Published online by Cambridge University Press: 02 June 2009
Visual cortical areas are richly but selectively connected by “patchy” projections. We characterized these connections physiologically with cross-correlograms (CCHs), calculated for neuron pairs or small groups located one each in visual areas 17 and 18 of the cat. The CCHs were then compared to the visuotopic and orientation match of the neurons' receptive fields (RFs).
For both spontaneous and visually driven activity, most non-flat correlograms were centered; i.e. the most likely temporal relationship between spikes in the two areas is a synchronous one. Although spikes are most likely to occur simultaneously, area 17 spikes may occur before area 18 or vice versa, giving the cross-correlogram peak a finite width (temporal dispersion). Cross-correlograms fell into one of three groups according to their full-width at half peak height: 1–8 ms (modal width, 3 ms), 15–65 ms (modal width 30 ms), or 100–1000 ms (modal width 400 ms). These classificatory groups are nonoverlapping; the three types of coupling appeared singly and in combination.
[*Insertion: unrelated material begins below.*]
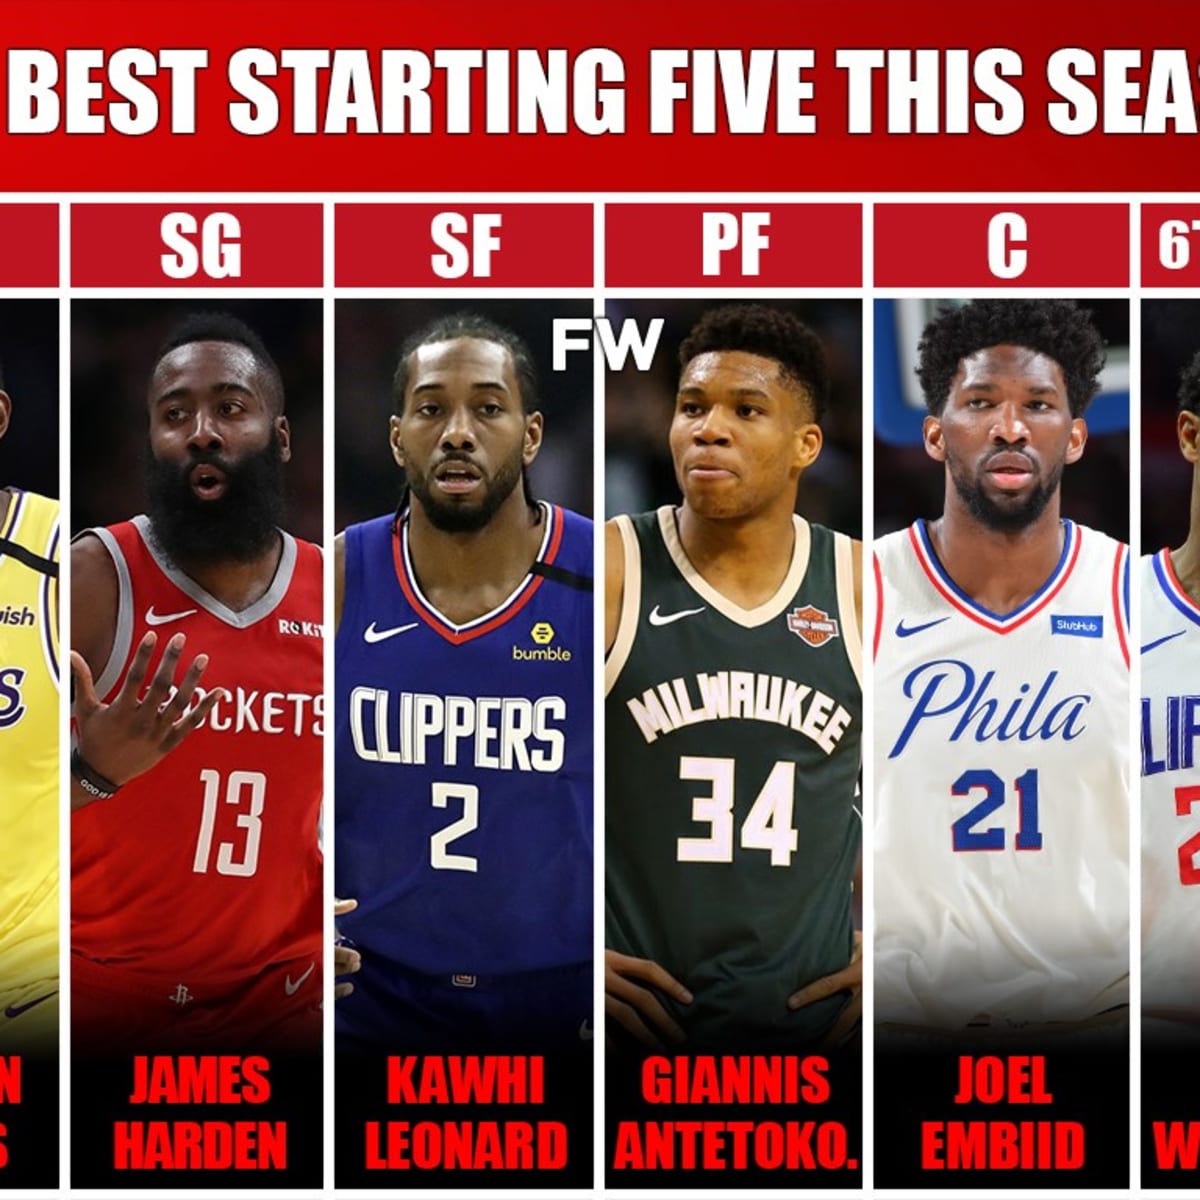 RANKING THE BEST STARTING 5 FROM EACH NBA TEAM 
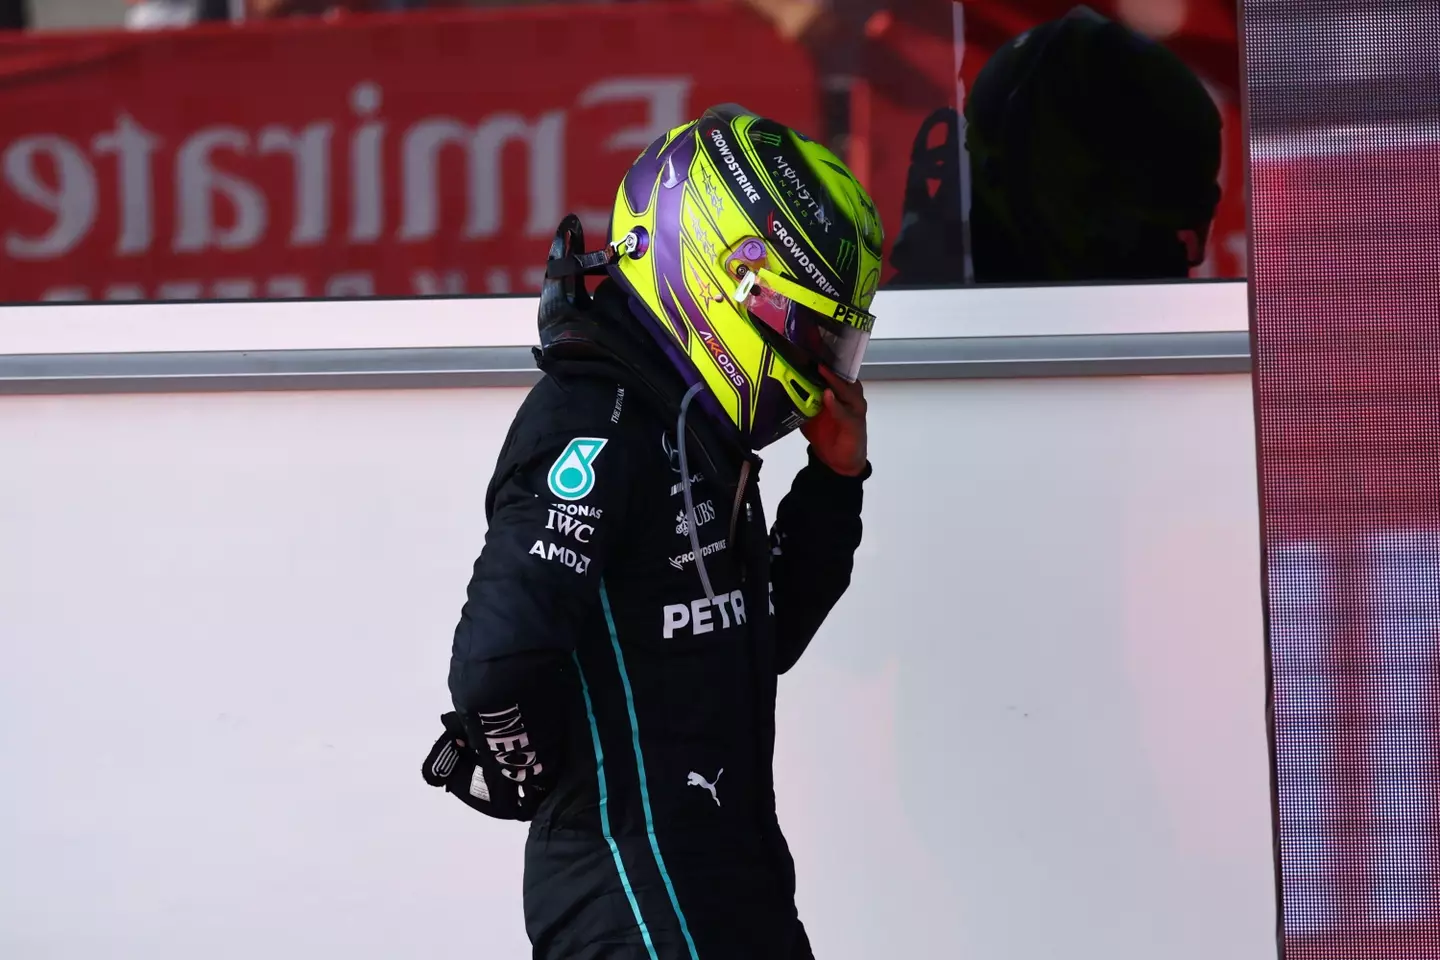 Hamilton holding his back after getting out of the car. Image: Alamy

Neurons whose receptive fields (RFs) are nonoverlapping or cross-oriented may yet be coupled, but the coupling is more likely to be the broadest type of coupling than the medium-dispersed type. The sharpest type of coupling is found exclusively between neurons with at least partially overlapping RFs and mostly between neurons whose stimulus orientation preferences matched to within 22.5 deg. The maximum spatial dispersion observed in the RFs of coupled neurons compares well with the maximum divergence seen anatomically in the A18/A17 projection system.
We suggest three different mechanisms to produce each of the three different degrees of observed spatial and temporal coherence. All mechanisms use common input of cortical origin. For medium and broad coupling, this common input arises from cell assemblies split between both sides of the 17/18 projection system, but acting synchronously. Such distributed common-input cell assemblies are a means of overcoming sparse connectivity and achieving synaptic transmission in the pyramidal network.